Probably that’s the reason it was reported last week of AWS reboot across regions.
General Risk Management Model:
Step 1: Asset Identification
Identify and classify the assets, systems, and processes that need protection because they are vulnerable to threats.
Step 2: Threat Assessment
After identifying assets, you identify both the threats and the vulnerabilities associated with each assets and the likelihood of their occurrence. All things have vulnerabilities; one of the key is to examine exploitable vulnerabilities. To list: CWE (from mitre.org), SANS Top 25 list, OWASP Top 10 list..
Step 3: Impact Determination and Quantification:
An impact is the loss created when a threat is realized and exploits a vulnerability. Tangible impact results in financial loss or physical damage. An intangible impact, such as impact on the reputation of a company, assigning a financial value can be difficult.
Step 4: Control Design and Evaluation:
Software Engineering Institute Model:
Examine the system, enumerating potential risks.
Convert the risk data gathered into information that can be used to make decisions. Evaluate the impact, probability, and timeframe of the risk. Classify and prioritize each of the risks.
Review and evaluate the risks and decide what actions to take to mitigate them. Implement the plan.
Monitor the risks and the mitigation plans.
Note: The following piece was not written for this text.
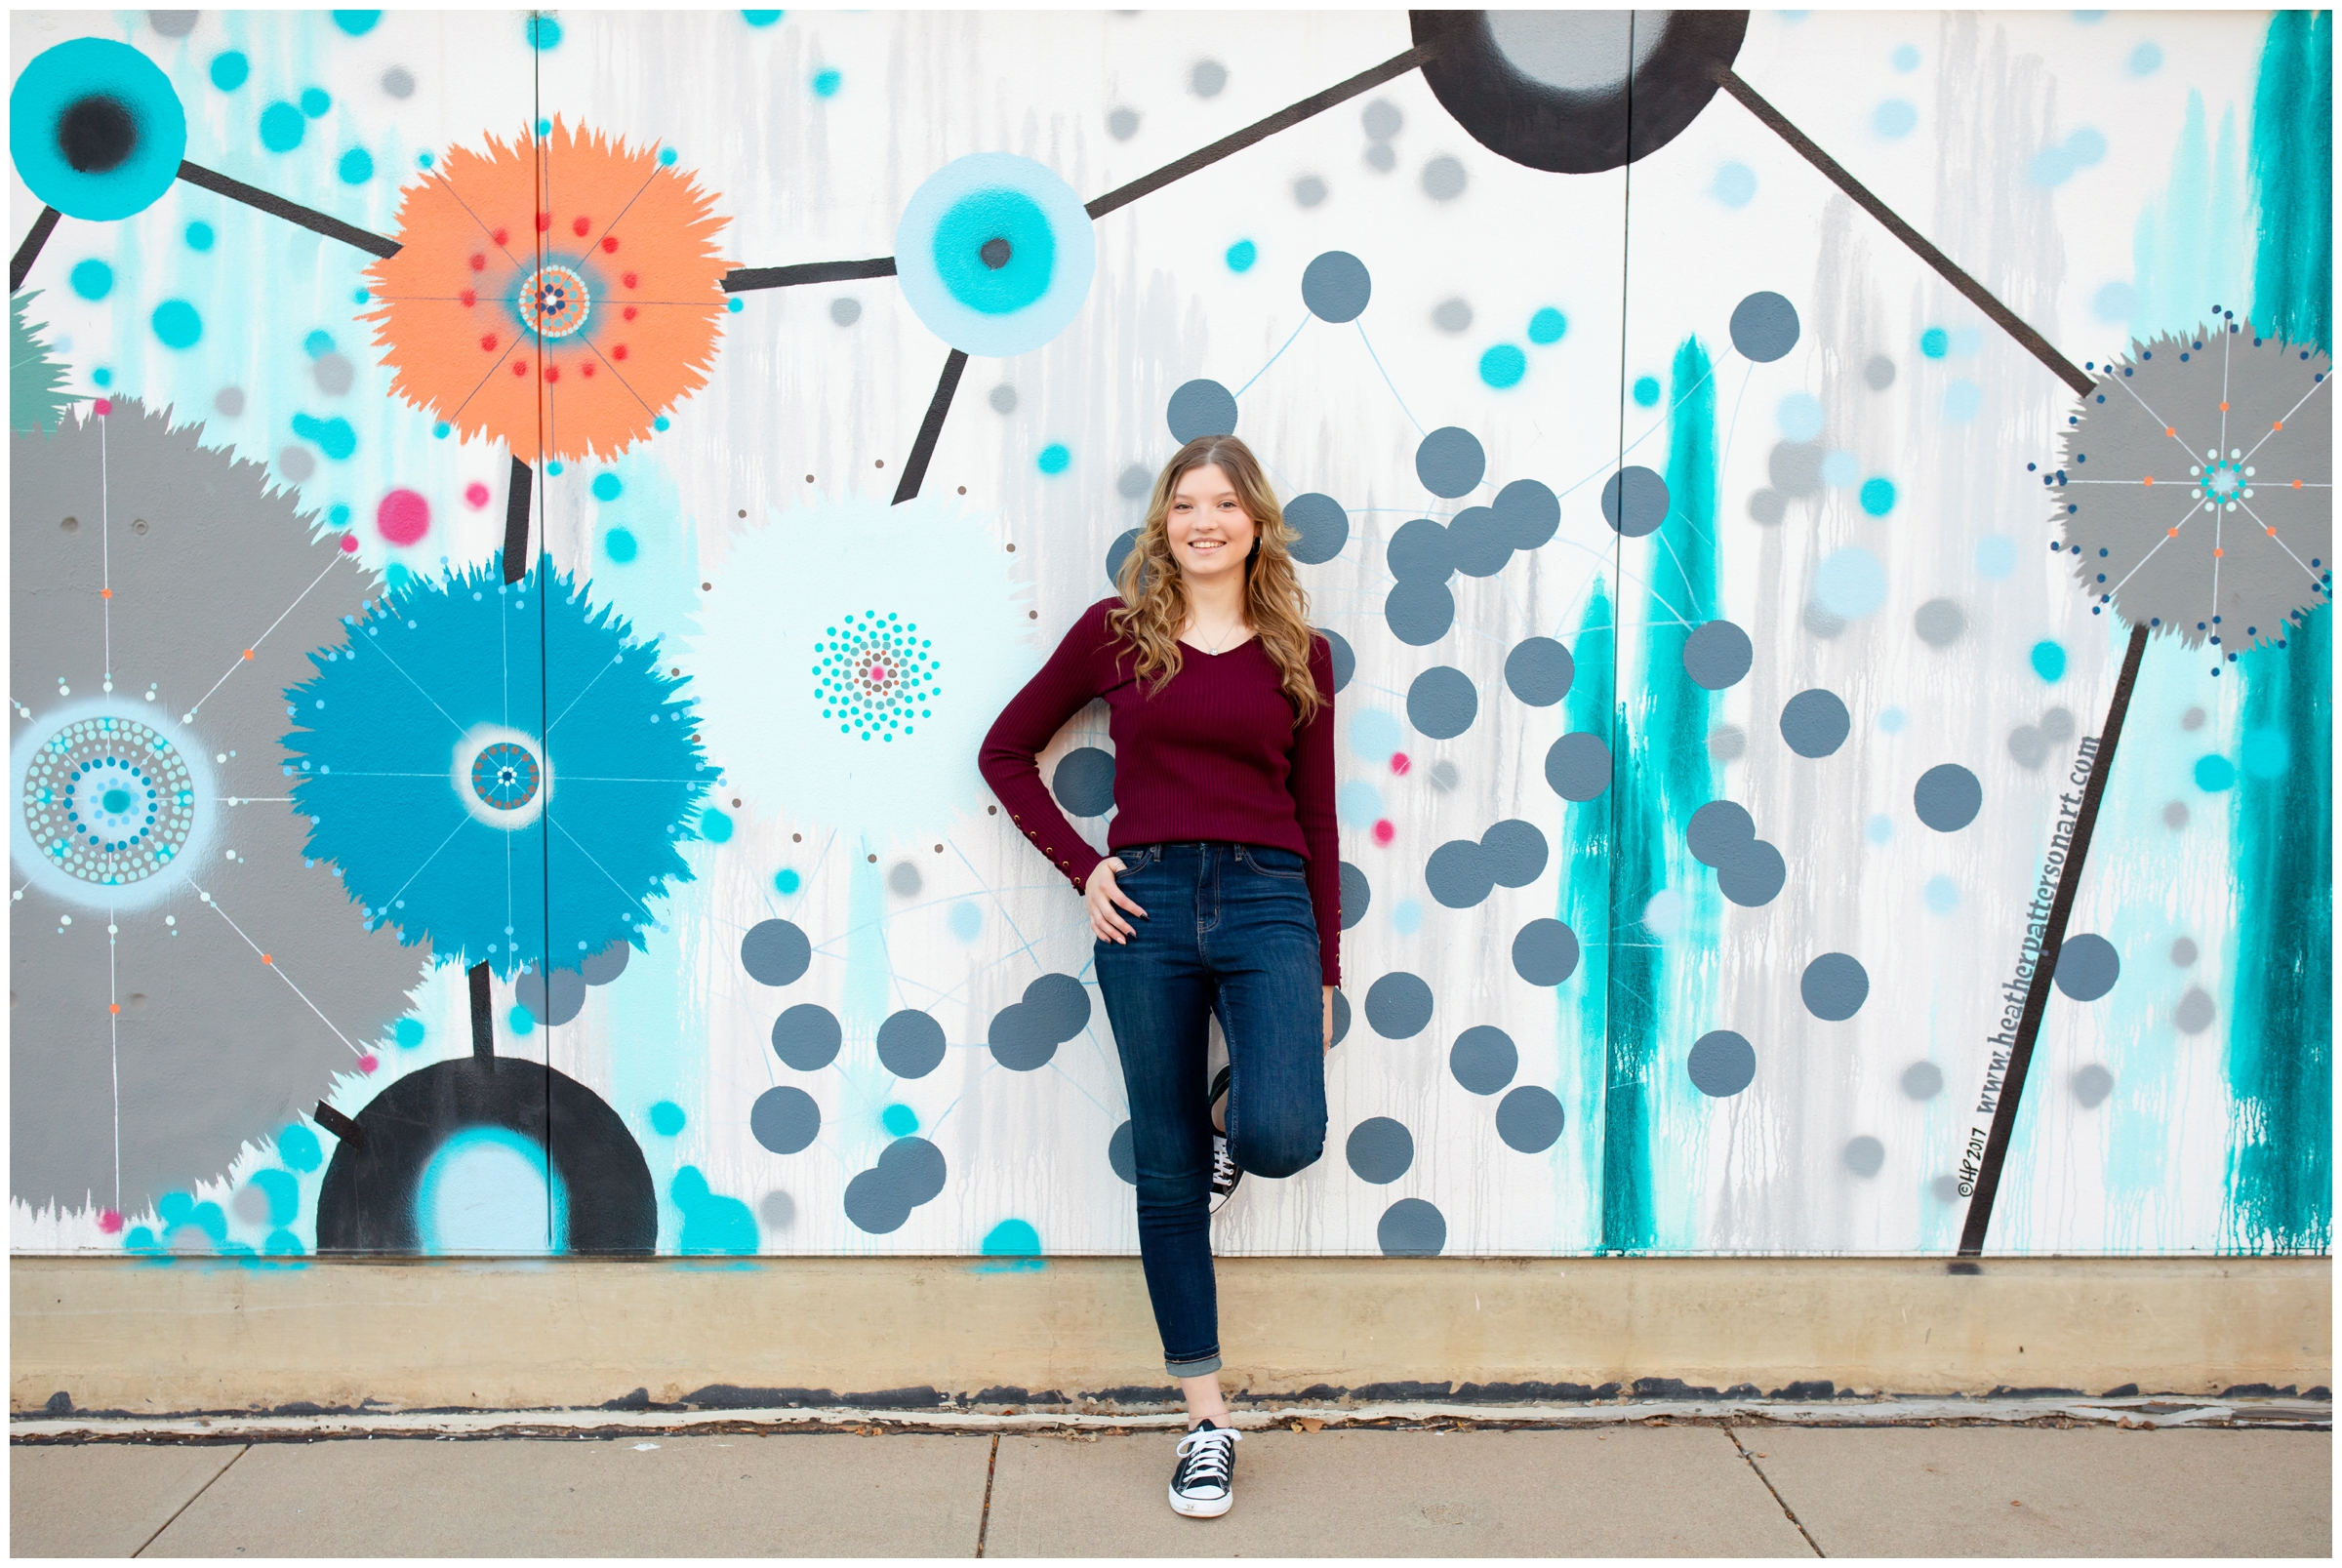 Longmont senior photos at colorful mural wall by Colorado photographer Plum Pretty Photography

Review periodically to measure progress and identify new risks.
Make corrections for deviations from risk mitigation plans. Changes in business procedures may require adjustments in plans or actions, as do faulty plans and risks that become problems.
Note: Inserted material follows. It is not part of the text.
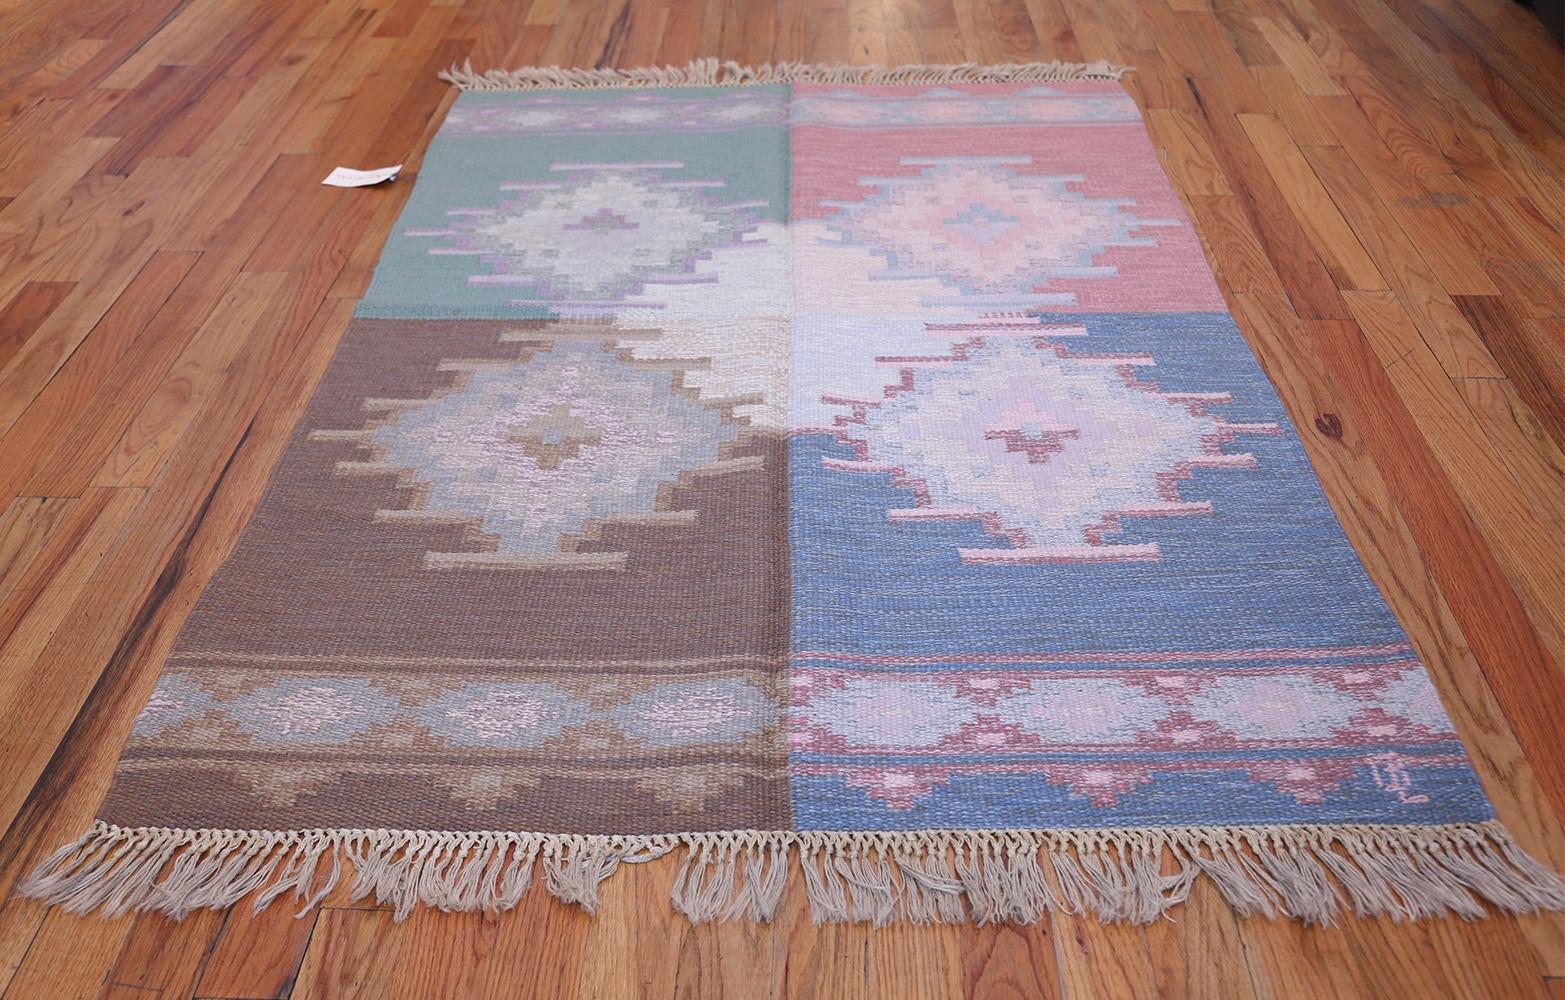 Vintage Swedish Flat-Woven Kilim. Size: 4 ft 5 in x 6 ft 8 in (1.35 m x 2.03 m) 3

Various models discussed here are:
Access Control Models:
Other models discussed below: Discretionary Access Control (DAC), Mandatory Access Control (MAC), Role-based Access Control (RBAC), Rule-based Access Control (RBA)
Bell-LaPadula Confidentiality Model:
Bell-LaPadula security model is combination of mandatory and discretionary access control mechanism.
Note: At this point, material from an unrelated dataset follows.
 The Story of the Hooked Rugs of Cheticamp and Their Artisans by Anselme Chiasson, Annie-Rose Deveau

First Principle, known as – Simple Security Rule – that no subject can read information from an object with a security classification higher than that possessed by the subject itself. This is also refferred as “no-read-up” rule.
So arrange the access level in hierarchal form, with defined higher and lower level of access.
Bell-LaPadula was designed to preserve “confidentiality” – focused on read and write access.
Reading material higher than subject’s level is a form of unauthorized access.
Second Principle, known as *-property (star property) – states that subject can write an object only if it’s security classification is less than or equal to the object’s security classification.
Also known as “No-Write-Down” principle.
This prevents the dissemination of information users that do not have appropriate level of access.
Usage example – to prevent data leakage, publishing bank balance – to a public page..
- Built upon Graph Theory
- Distinct Advantage: Definitively Determine Rights – Unique Rights (take and grant)
- Value lies in ability to analyze an implementation is complete or might be capable to leak information.
Confidentiality: Confidentiality is the concept of preventing the disclosure of information to unauthorized parties. In layman terms, keeping secret secret is confidentiality.
Integrity: Integrity is similar to confidentiality, except rather than protecting the data from unauthorized access, integrity refers to protecting data from unauthorized alteration.
Availability: Access to systems by authorized personnel can be expressed as the system’s availability.
Authentication: Authentication is the process of determining the identity of a user. Three general methods are used in authentication. In order to verify your identity, you can provide:
- Something you know
- Something you have
- Something about you (something that you are)
Authorization: Authorization is the process of applying access control rules to a user process, determining whether or not a particular user process can access an object. Three elements are used in discussion of authorization:
- A requester (sometimes referred to as the subject)
- The object
- The type or level of access to be granted.
Accounting (Auditing): Accounting is means of measuring activity. With IT systems, this can be done by logging crucial elements of activity as they occur. With respect to Data Elements, accounting is needed when activity is determined to be crucial to the degree that it may be audited at a later date and time.
*** A key element in audit logs is the employment of a monitoring, detection, and response process. Without mechanism or processes to “trigger” alerts or notifications to admins based on particular logged events, the value of logging is diminished or isolated to a post-incident resource instead of contributing to an alerting or incident prevention resource.
Non-repudiation: Non-repudiation is the concept of preventing a subject from denying a previous action with an object in a system. When authentication, authorization and auditing are properly configured, the ability to prevent repudiation by a specific subject with respect to an action and an object is ensured.
Session Management: Session management refers to the design and implementation of controls to ensure that communication channels are secured from unauthorized access and disruption of a communication.